American Restaurants Struggle to Stay Alive

Back in the late 1980s, the Turnaround Management Association was birthed out of a research project conducted at the Kenan Institute of Private Enterprise at the University of North Carolina at Chapel Hill. As the lead researcher, I had the opportunity to personally pull together a bibliography of articles about businesses whose travails were significant enough to hit the national headlines in various business publications. From the research, we published a monograph and wrote articles about best practices that appeared in 46 national business periodicals in our first 18 months of existence as a trade association. As I and other involved with the Association moved on to other pursuits, TMA moved off campus, starting gaining momentum in chapter development, and now enjoys international members as well as domestic. One of the publications of TMA is the Journal of Corporate Renewal. The Journal‘s lead article for May discusses the struggle of restaurants in the United States to remain profitable.

Some interesting facts from the National Restaurant Association are cited:

  • Restaurants account for 4% of GDP
  • 10% of the U.S. workforce is employed in the restaurant industry
  • 50% of adults have worked in a restaurant
  • one-third of all workers had their first job in a restaurant
  • 48% of the average household’s food budget goes to restaurants (vs. 25% fifty years ago)

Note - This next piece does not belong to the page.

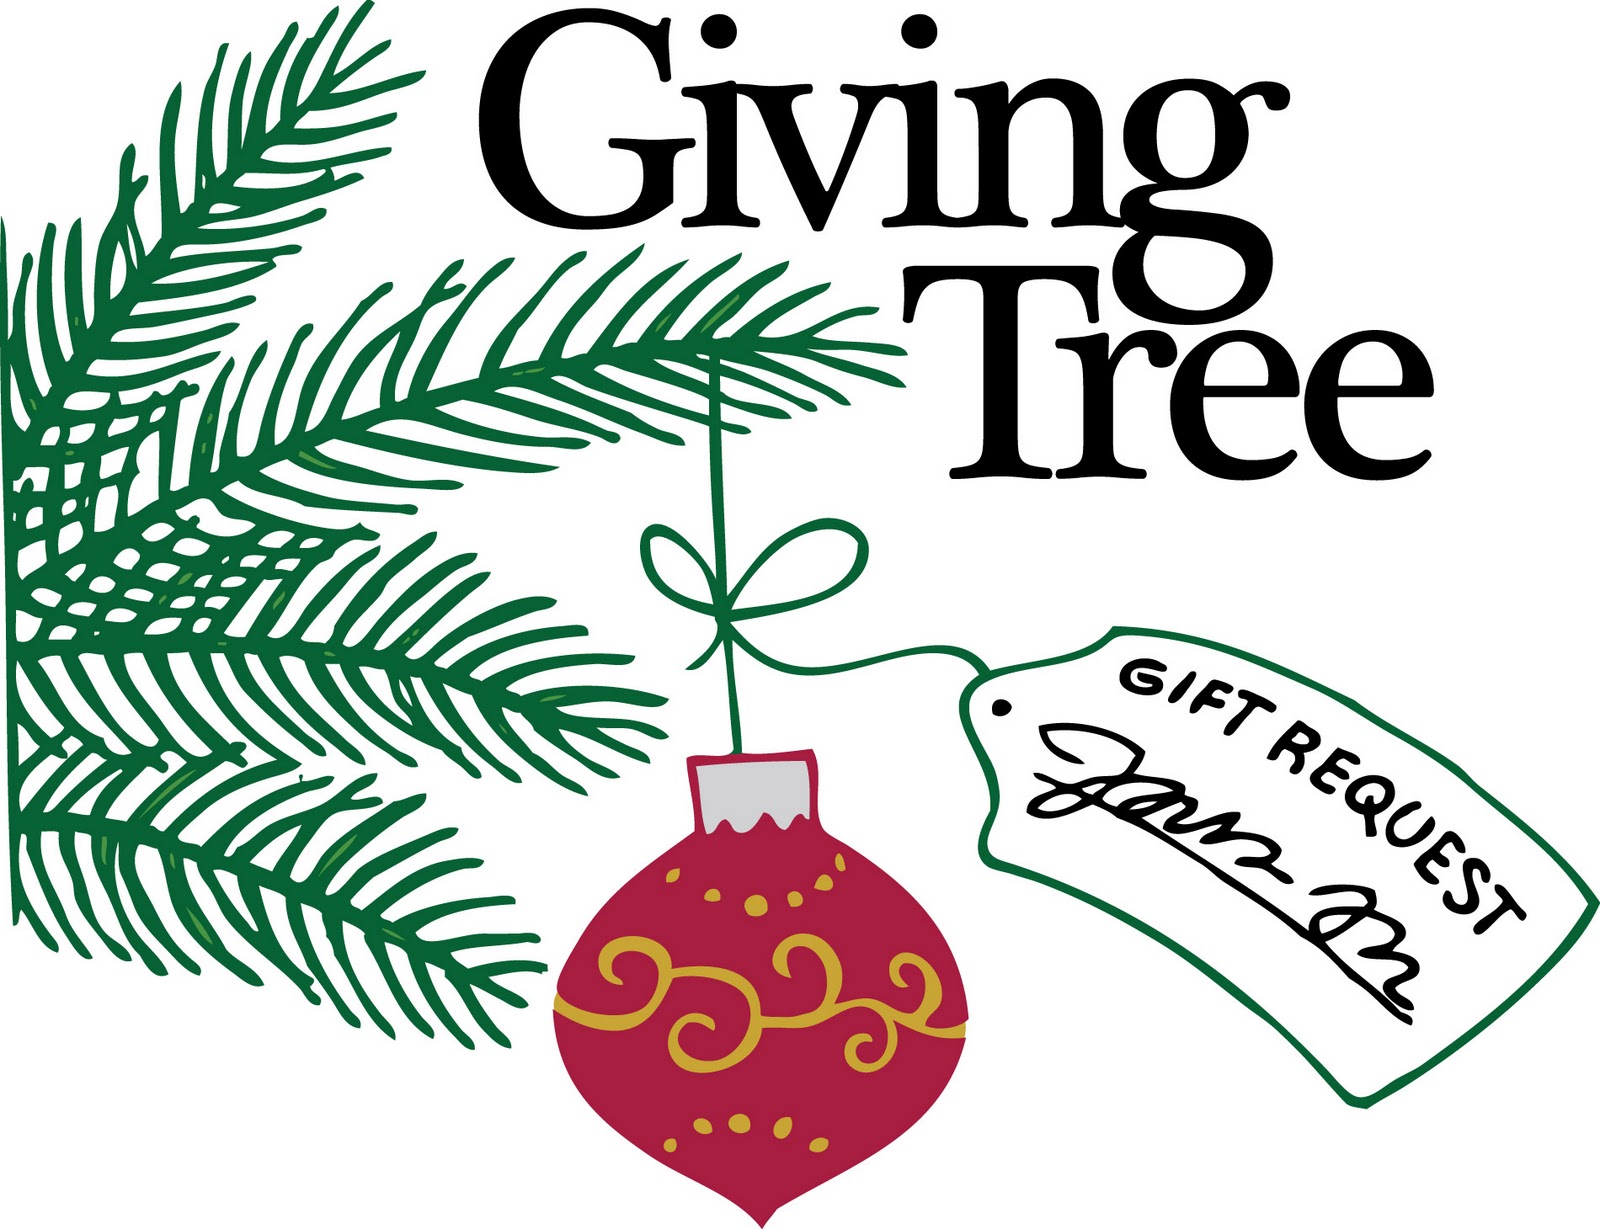 Angel tree clipart for giving tree

The bankruptcy filings of a number of restaurant chains since the recession began in 2008 is but one indicator of a model that is teetering on the brink of survival. The photo above is taken from a Food Network show entitled Restaurant Impossible, wherein Robert Irvine turns a restaurant around in 48 hours. The menu is revised, customer service issues are addressed, $10,000 of strategic remodeling is performed, the revenue and costs are examined for opportunity, and the restaurant owner is challenged to run the business at a profit going forward.

Macro trends in the recent few years towards buying more groceries or becoming value-conscious have definitely affected the top and bottom lines of many restaurant owners. Franchises, which account for about half of the restaurant revenues produced nationwide, have really taken it on the chin. Franchisees who own one or only a few stores have inadequate access to capital these days. Another big factor is the conflict of interest in most franchise agreements that are based on sales volume. The franchisor can implement discounting programs to increase traffic and sales volume, but the franchisee has less and less profit as a result of the agreements.

What can be done? Turnaround experts recommend a process of performing store-level profitability analysis, followed by benchmarking against peer stores. These analyses can highlight purchasing/inventory issues, training issues that are evidenced by waste, and theft/shrinkage that depletes the operator’s assets needed to produce a return.

There are many good consultants who can help a restaurant owner sort through the challenges and create a plan for growth and renewal.